An elementary Python data compression question
Hi all,
Though I don't work in data compression, but for learning
purpose only I ran a program very similar to the one given in version
specific tutorial from www.python.org. (ch 11, tut.pdf). The two programs are:
PROGRAM 1
import zlib
s = "witch which has which witches wrist watch"
print "Original String is ::%s:: and length of the string is ::%d::" %(s,len(s))
t = zlib.compress(s)
print "Compressed String is ::%s:: and length of the string is ::%d::" %(t,len(t))

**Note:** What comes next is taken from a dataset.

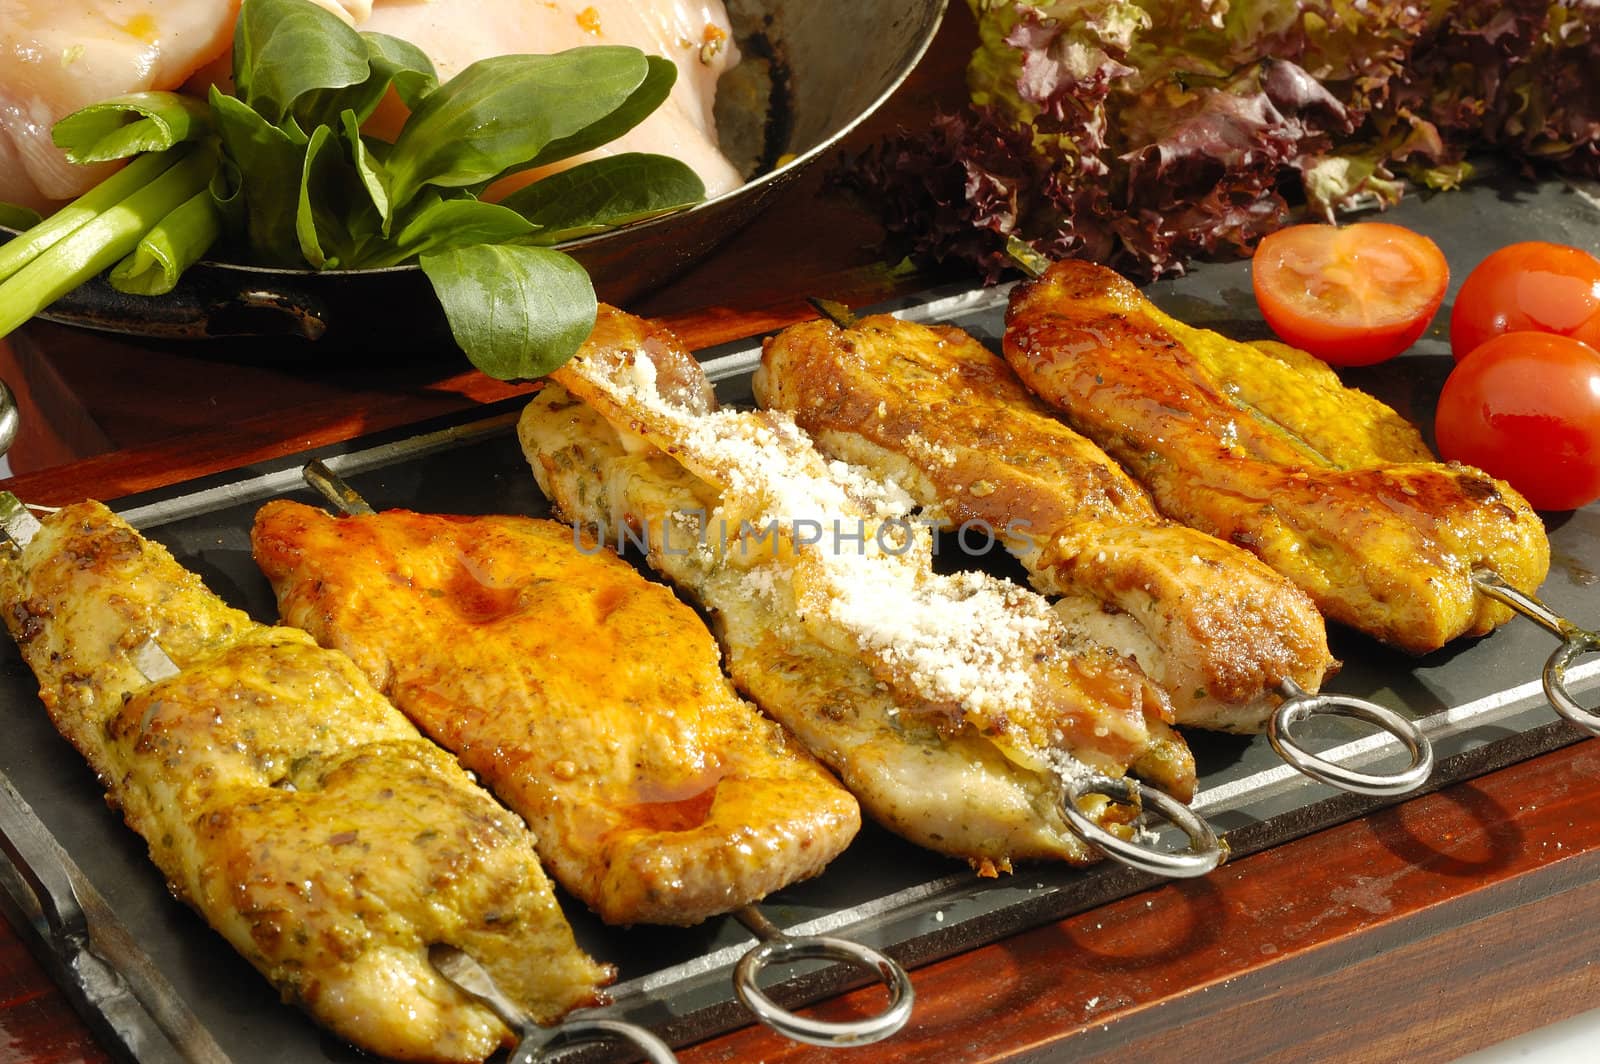 Grilled chicken breast by hanusst

print "Decompressed String is ::%s:: and length of the decompressed string is ::%d::" %(zlib.decompress(t),len(zlib.decompress(t)))
PROGRAM 2
import zlib
s = "witch which has which witches wrist watch"

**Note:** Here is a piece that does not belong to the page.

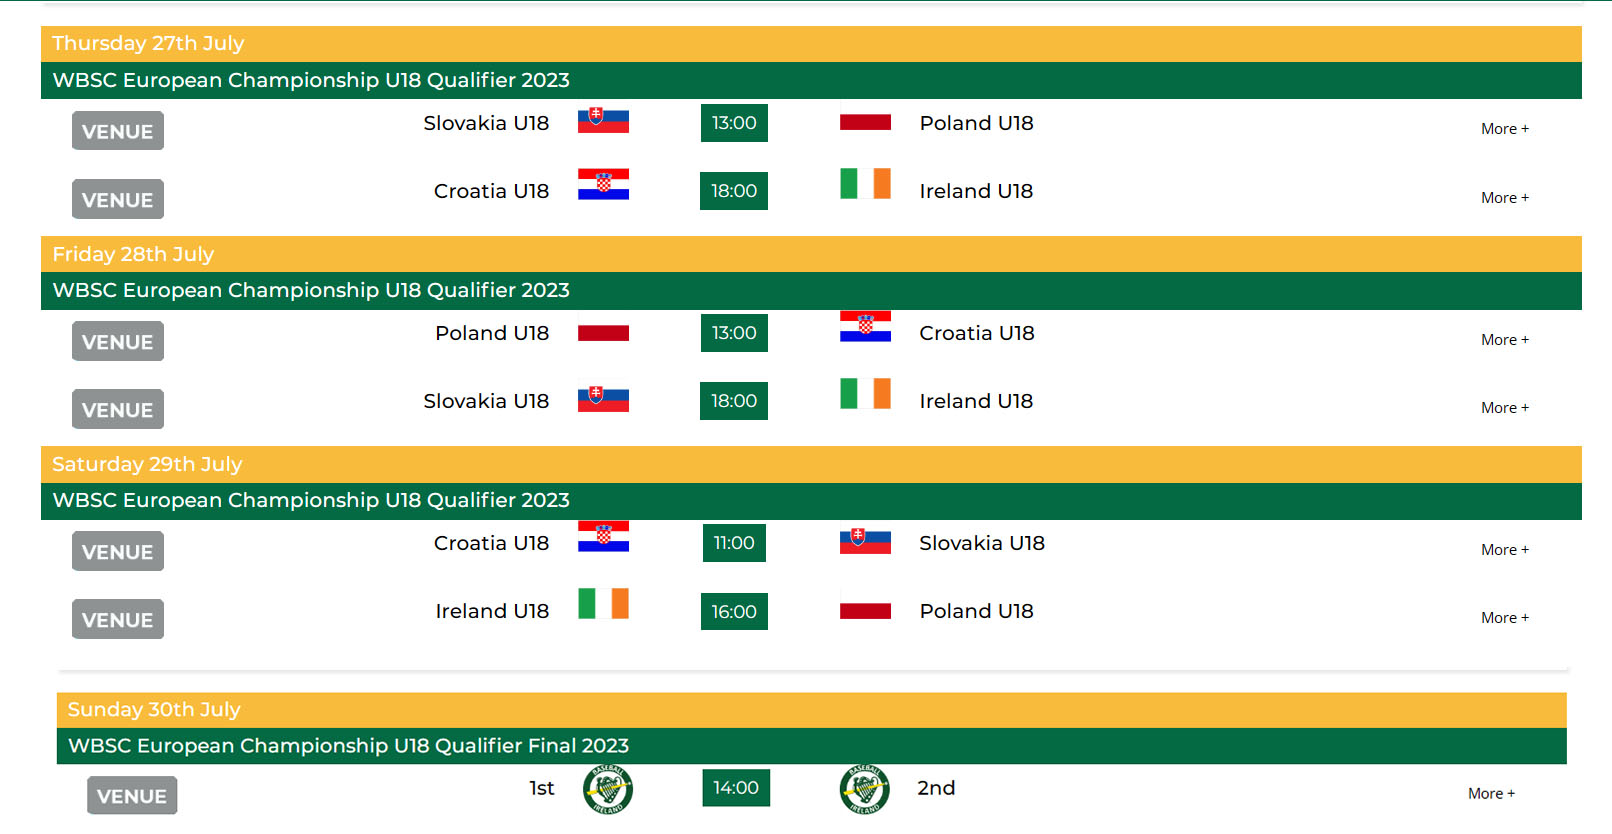 WBSC European Championship U18 Qualifiers Fixtures 2023 Graphic

print "Original String is ::%s:: and length of the string is ::%d::" %(s,len(s))
t = zlib.compress(s)
print "Compressed String is ::%s:: and length of the string is ::%d::" %(t,len(t))
print "Decompressed String is ::%s:: and length of the decompressed string is ::%d::" %(zlib.decompress(t),len(zlib.decompress(t)))
Now the problem is that:
in program2, the 'len(t)', i.e. length of
the compressed string is greater than length of the original string!!!
In program 1, this 'apparent anomaly' doesn't occur, and this is the
string used in the python.org tutorial.
Can anybody provide an
explanation? At this point, I don't want to read a few hundred pages on
data compression to find out the answer.
Thanks in advance,
Abhishek Pathak.